SECTION 5.05 Disclosure Documents. (a) The information with respect to
Buyer and its subsidiaries and Merger Subsidiary that Buyer and Merger
Subsidiary furnish to Company in writing specifically for use in the Schedule
14D-9 or pursuant to Section 14(f) or Rule 14f-1 under the Exchange Act will not
contain any untrue statement of a material fact or omit to state any material
fact necessary in order to make the statements made therein, in the light of the
circumstances under which they were made, not misleading.
(b) The SEC Offer Documents, when filed, will comply as to form in all
material respects with the applicable requirements of the Exchange Act and the
New York Disclosure Documents, when filed, will comply as to form in all
material respects with the applicable requirements of the New York Law. The
Offer Documents will not at the time of the filing thereof, at the time of any
distribution thereof or at the time of consummation of the Offer contain any
untrue statement of a material act or omit to state any material fact necessary
to make the statements made therein, in the light of the circumstances under
which they were made, not misleading; provided that this representation and
warranty will not apply to statements or omissions in the Offer Documents based
upon information furnished to Buyer or Merger Subsidiary in writing by Company
specifically for use therein.
SECTION 5.06 Finders' Fees. There is no investment banker, broker,
finder or other intermediary who might be entitled to any fee or commission from
the Buyer or Merger Subsidiary upon consummation of the transactions
contemplated by this Agreement.
SECTION 5.07 Financing.
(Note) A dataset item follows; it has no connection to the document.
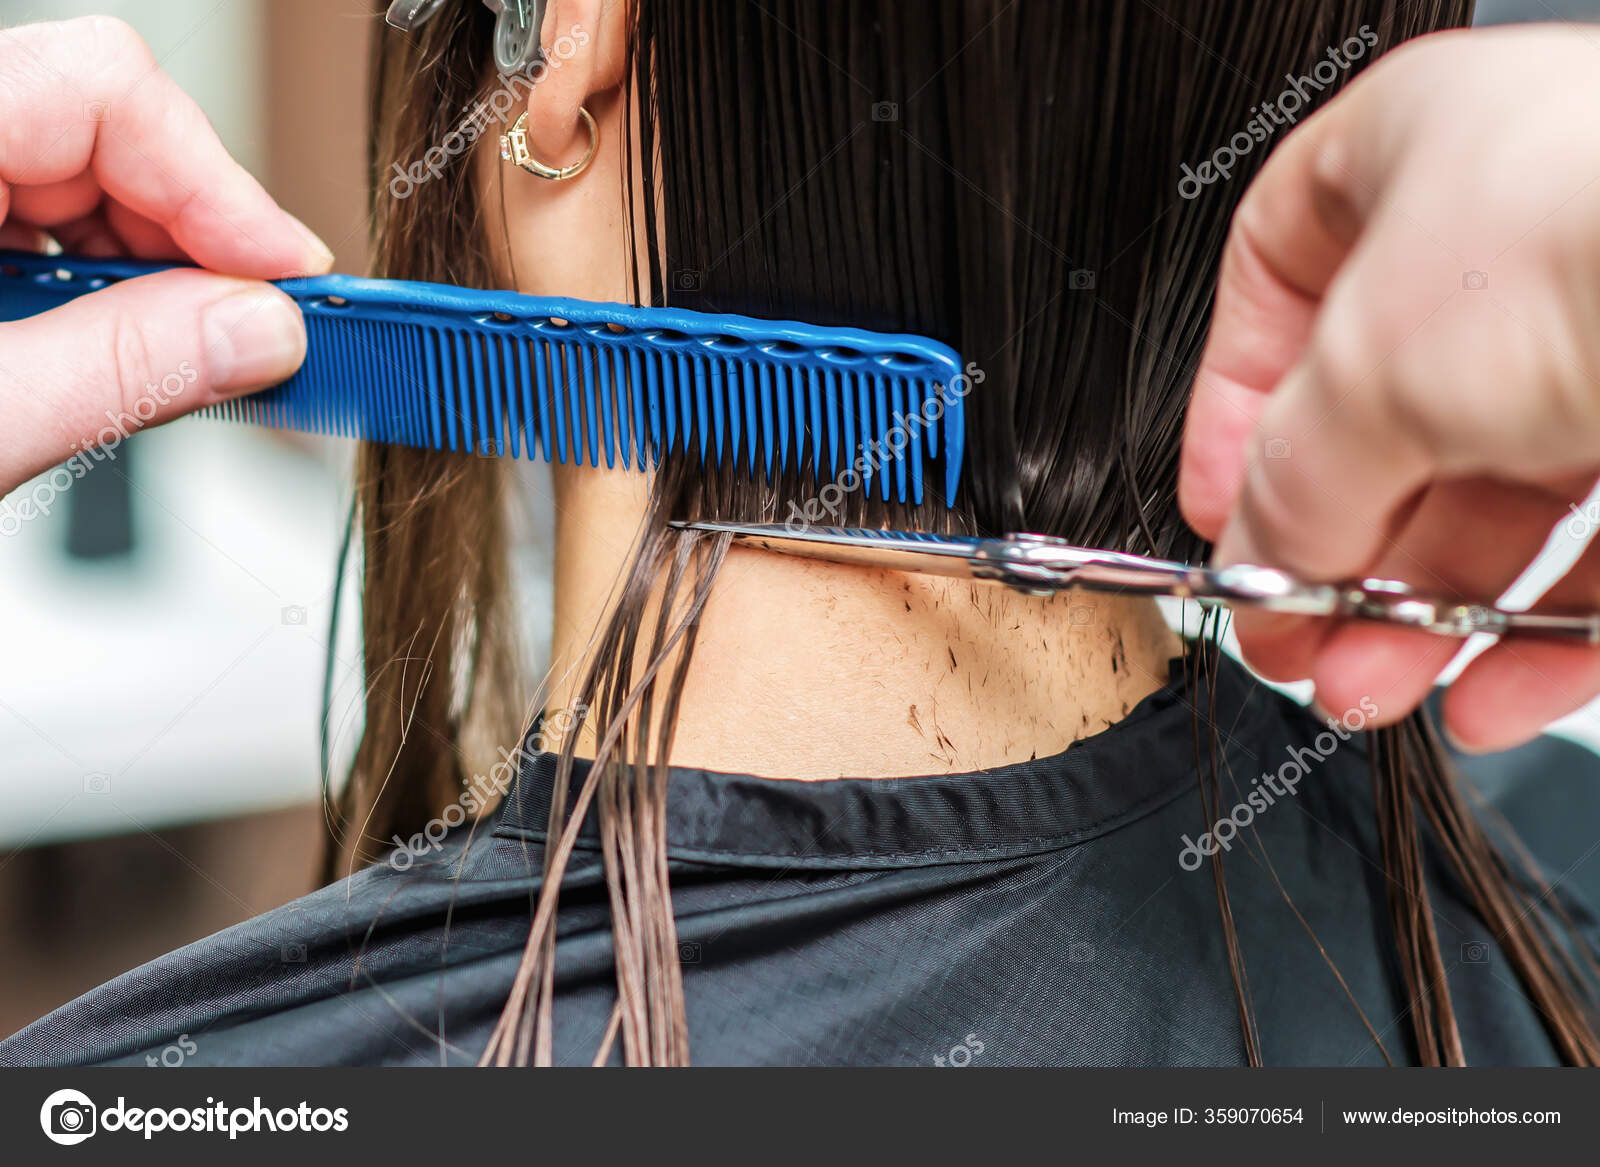 Cabeleireiro seca o cabelo com uma mulher de secador de cabelo no salão.  close-up.beauty e conceito de moda
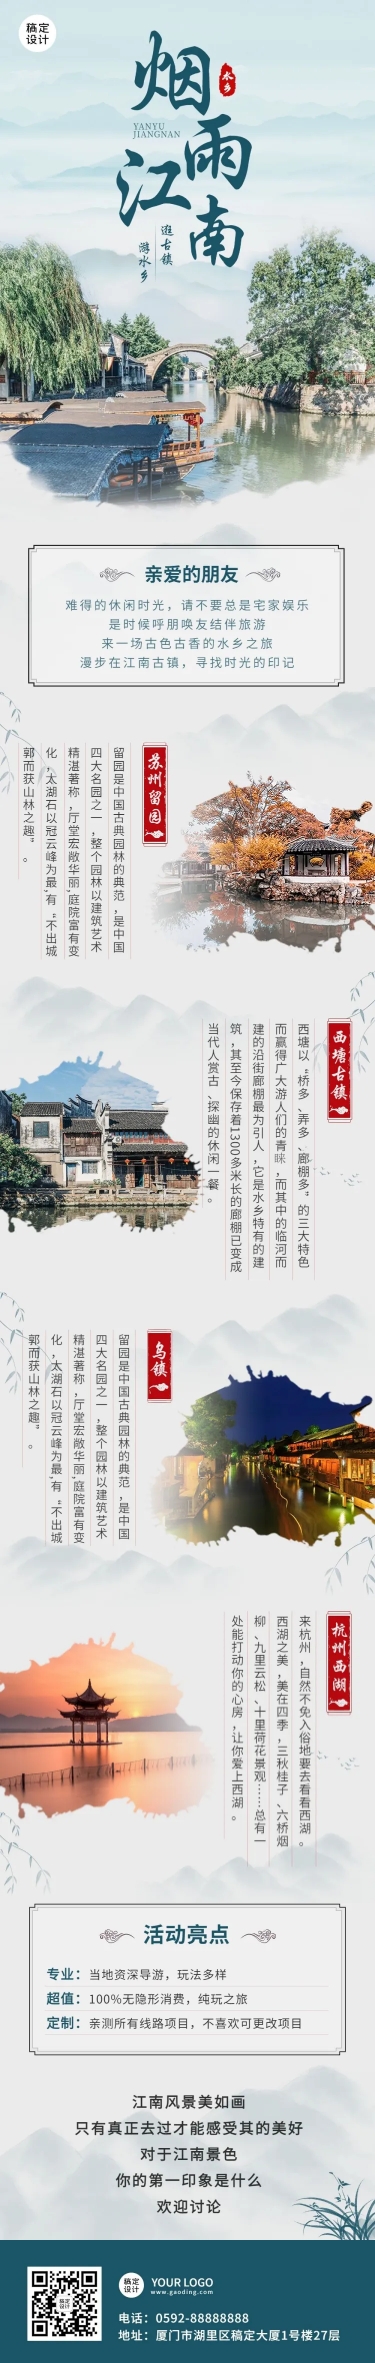 旅游出行江南线系列之旅手绘中国风文章长图预览效果

Buyer and Merger Subsidiary have or will have,
prior to the expiration of the Offer, sufficient funds available to purchase all
of the Shares outstanding on a fully diluted basis and to pay all related fees
and expenses pursuant to the Offer and this Agreement.
SECTION 5.08 Share Ownership. As of the date hereof, Buyer and Merger
Subsidiary do not beneficially own any Shares.
SECTION 5.09 Merger Subsidiary's Operations. Merger Subsidiary was
formed solely for the purpose of engaging in the transactions contemplated
hereby and has not engaged in any business activities or conducted any
operations other than in connection with the transactions contemplated hereby.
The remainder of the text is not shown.